EXERCISE GOAL -
The reply should contain all the data below, repeated exactly, and none of the images.

DATA PROVIDED -
§

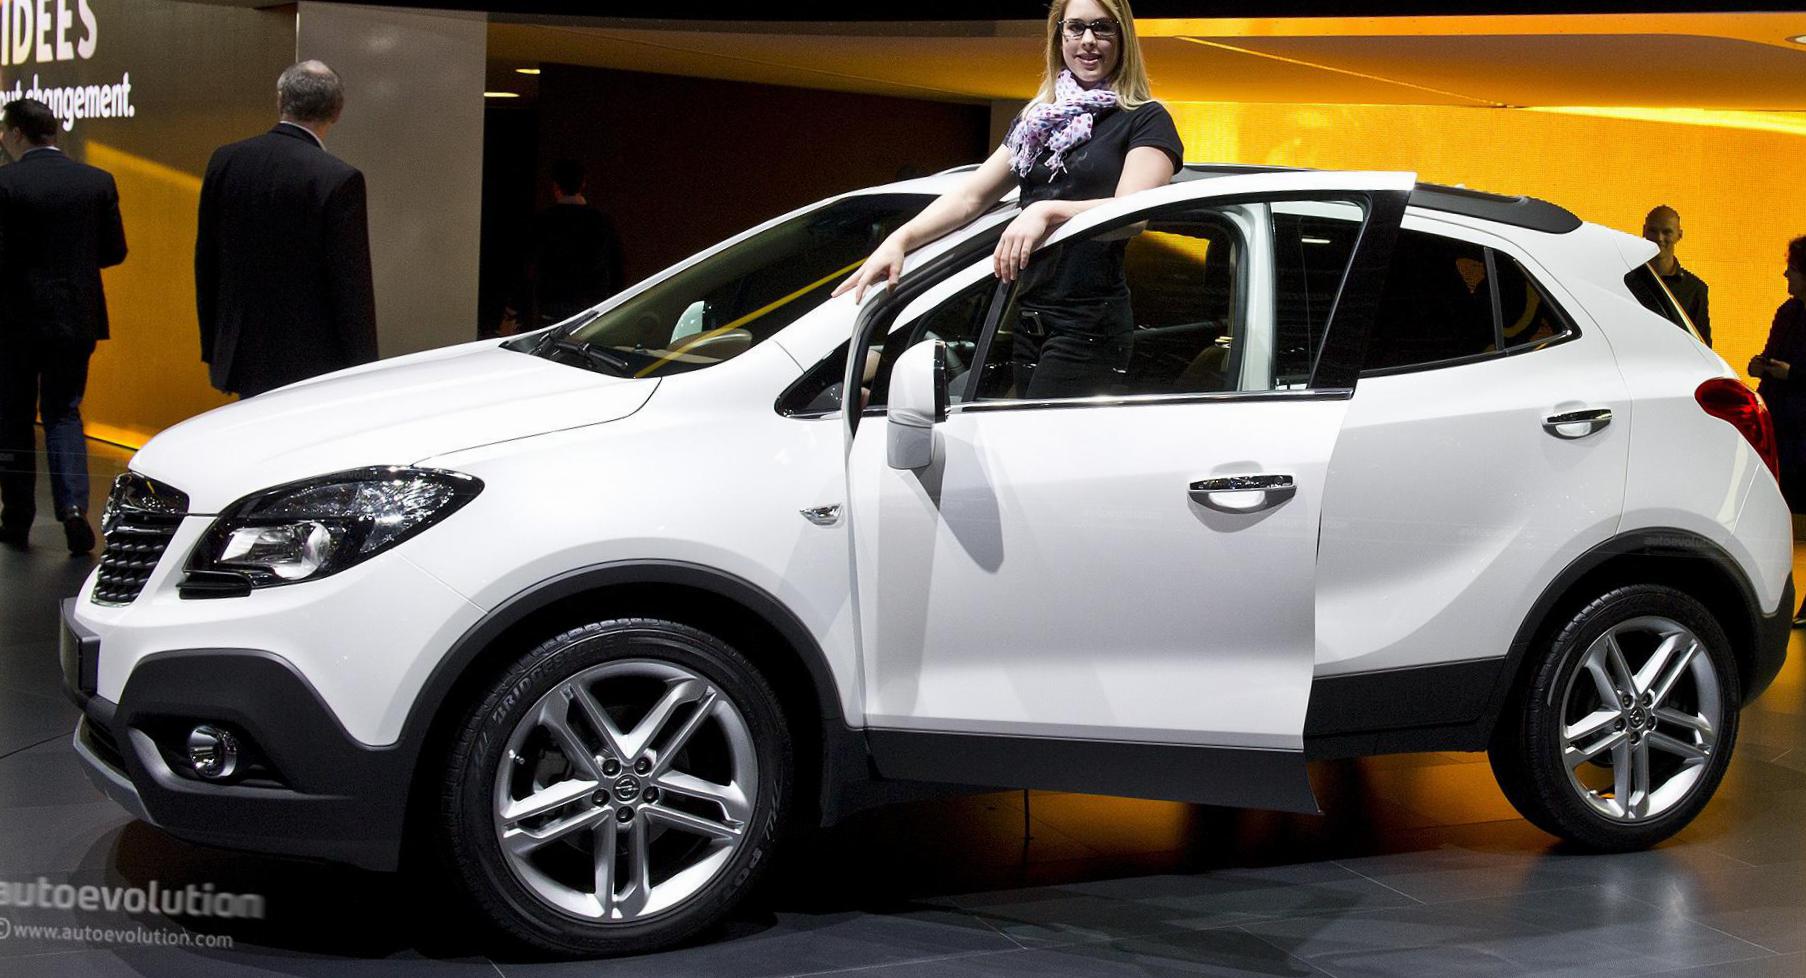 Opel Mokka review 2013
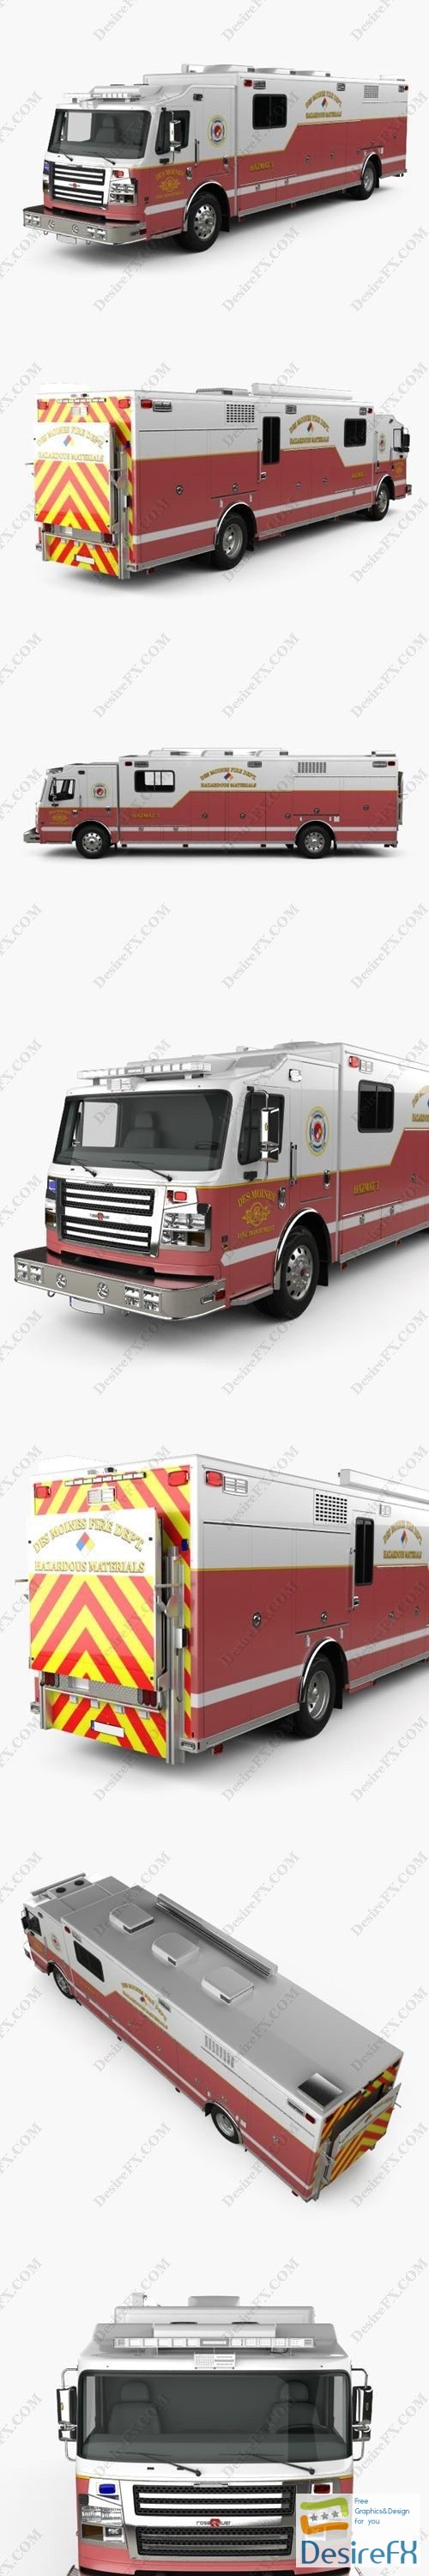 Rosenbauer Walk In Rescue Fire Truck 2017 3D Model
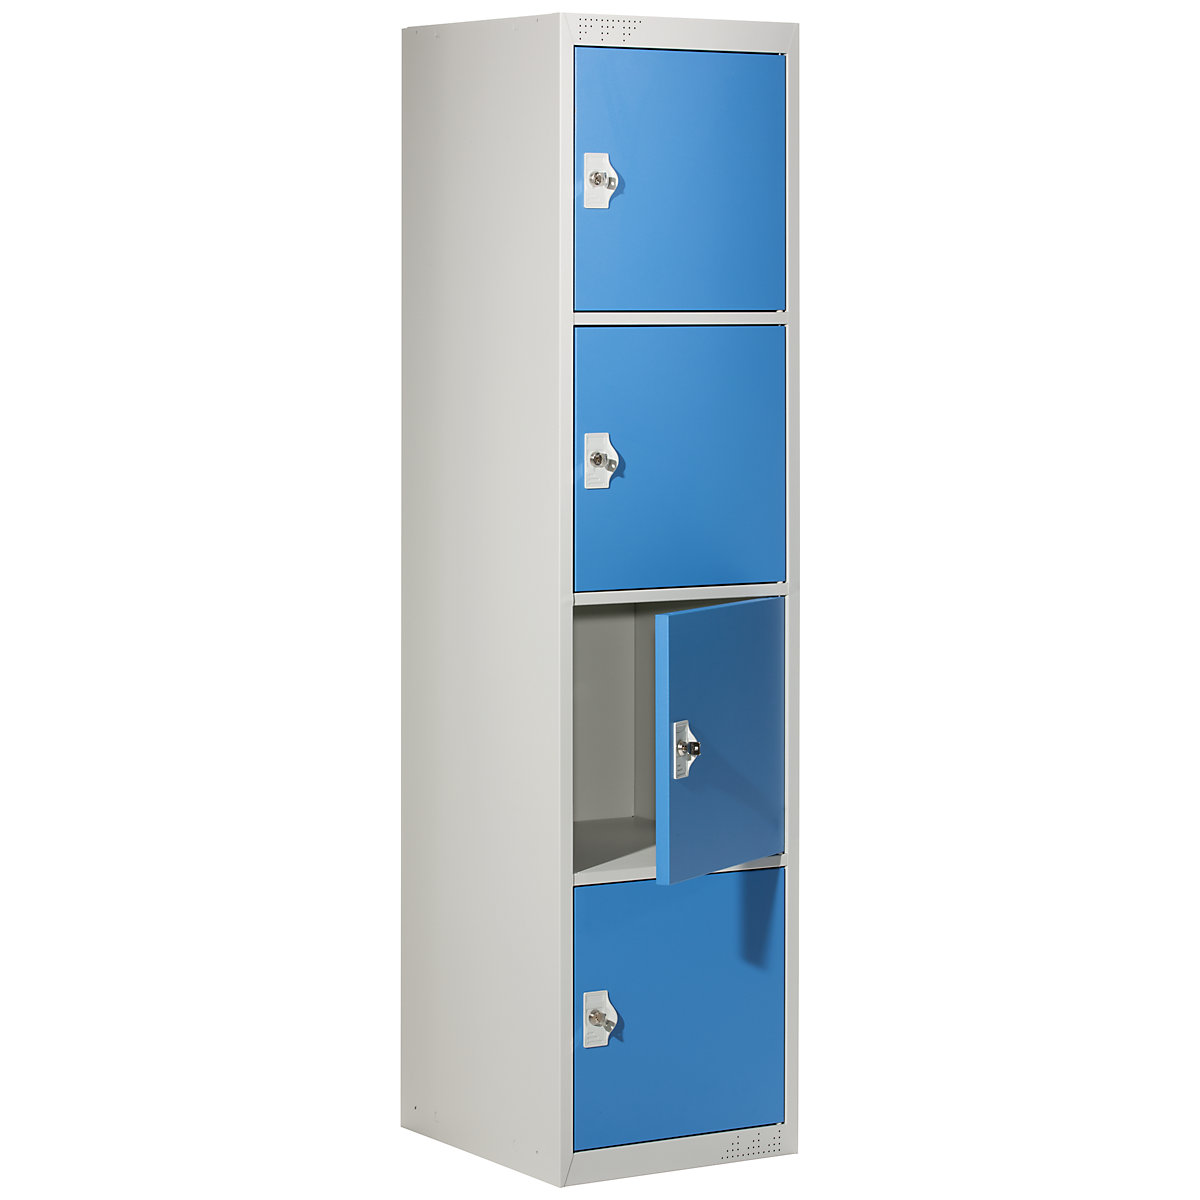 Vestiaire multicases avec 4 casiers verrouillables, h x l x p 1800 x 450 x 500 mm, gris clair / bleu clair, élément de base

§

REPLY -
 Opel Mokka review 2013
 Rosenbauer Walk In Rescue Fire Truck 2017 3D Model
 Vestiaire multicases avec 4 casiers verrouillables, h x l x p 1800 x 450 x 500 mm, gris clair / bleu clair, élément de base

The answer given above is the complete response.